平衡模型的复杂性和交叉验证的分数¶
本案例通过在最佳准确性得分的1个标准偏差内找到适当的准确性,同时使PCA组件的数量最小化来平衡模型的复杂性和交叉验证的得分[1]。
该图显示了交叉验证得分和PCA组件数量之间的权衡。 平衡情况是n_components = 10且精度= 0.88,该范围落在最佳精度得分的1个标准偏差之内。
[1] Hastie, T., Tibshirani, R.,, Friedman, J. (2001). Model Assessment and Selection. The Elements of Statistical Learning (pp. 219-260). New York, NY, USA: Springer New York Inc..
输出:
The best_index_ is 2
The n_components selected is 10
The corresponding accuracy score is 0.88
输入:
# 作者: Wenhao Zhang <wenhaoz@ucla.edu>
print(__doc__)
import numpy as np
import matplotlib.pyplot as plt
from sklearn.datasets import load_digits
from sklearn.decomposition import PCA
from sklearn.model_selection import GridSearchCV
from sklearn.pipeline import Pipeline
from sklearn.svm import LinearSVC
def lower_bound(cv_results):
"""
计算最佳mean_test_scores的1个标准偏差内的下限。
参数
----------
cv_results : 掩码多维数组组成的字典
同时查看GridSearchCV的属性cv_results_
返回
-------
浮点数
最佳mean_test_scores的1个标准偏差内的下限。
"""
best_score_idx = np.argmax(cv_results['mean_test_score'])
return (cv_results['mean_test_score'][best_score_idx]
- cv_results['std_test_score'][best_score_idx])
def best_low_complexity(cv_results):
"""
平衡交叉验证的得分与模型的复杂性
参数
----------
cv_results : 掩码多维数组组成的字典
同时查看GridSearchCV的属性cv_results_
返回值
------
整数值
PCA组件最少的模型的索引
其测试分数在bestmean_test_score的1个标准偏差之内
"""
threshold = lower_bound(cv_results)
candidate_idx = np.flatnonzero(cv_results['mean_test_score'] >= threshold)

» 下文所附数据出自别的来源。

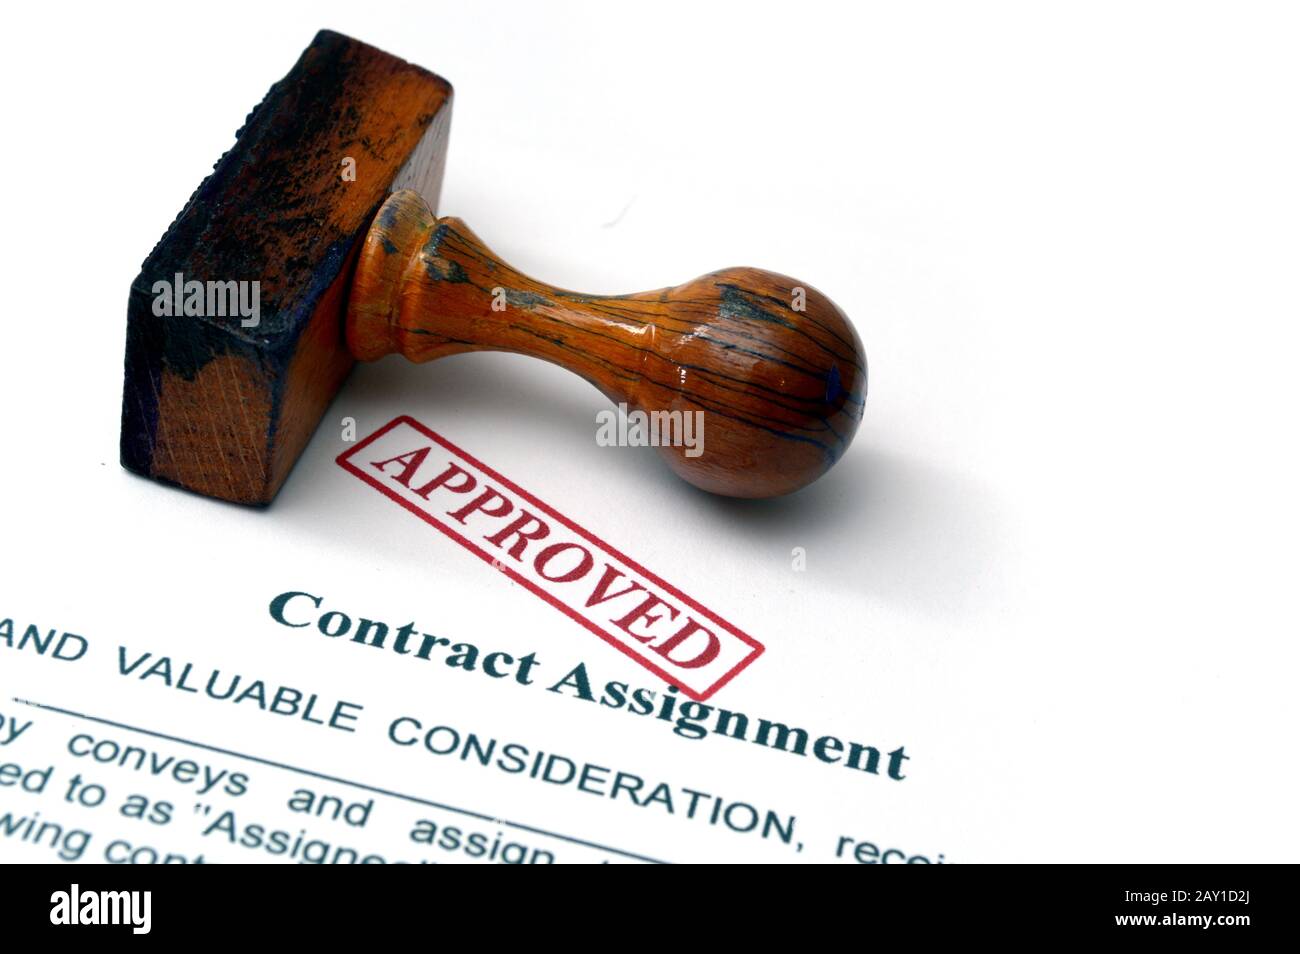 Contract assignment Stock Photo

best_idx = candidate_idx[cv_results['param_reduce_dim__n_components']
[candidate_idx].argmin()]
return best_idx
pipe = Pipeline([
('reduce_dim', PCA(random_state=42)),
('classify', LinearSVC(random_state=42, C=0.01)),
])
param_grid = {
'reduce_dim__n_components': [6, 8, 10, 12, 14]
}
grid = GridSearchCV(pipe, cv=10, n_jobs=1, param_grid=param_grid,
scoring='accuracy', refit=best_low_complexity)
X, y = load_digits(return_X_y=True)
grid.fit(X, y)
n_components = grid.cv_results_['param_reduce_dim__n_components']
test_scores = grid.cv_results_['mean_test_score']
plt.figure()
plt.bar(n_components, test_scores, width=1.3, color='b')
lower = lower_bound(grid.cv_results_)
plt.axhline(np.max(test_scores), linestyle='--', color='y',
label='Best score')
plt.axhline(lower, linestyle='--', color='.5', label='Best score - 1 std')
plt.title("Balance model complexity and cross-validated score")
plt.xlabel('Number of PCA components used')
plt.ylabel('Digit classification accuracy')
plt.xticks(n_components.tolist())
plt.ylim((0, 1.0))
plt.legend(loc='upper left')
best_index_ = grid.best_index_
print("The best_index_ is %d" % best_index_)
print("The n_components selected is %d" % n_components[best_index_])
print("The corresponding accuracy score is %.2f"
% grid.cv_results_['mean_test_score'][best_index_])
plt.show()
脚本的总运行时间:(0分钟5.453秒)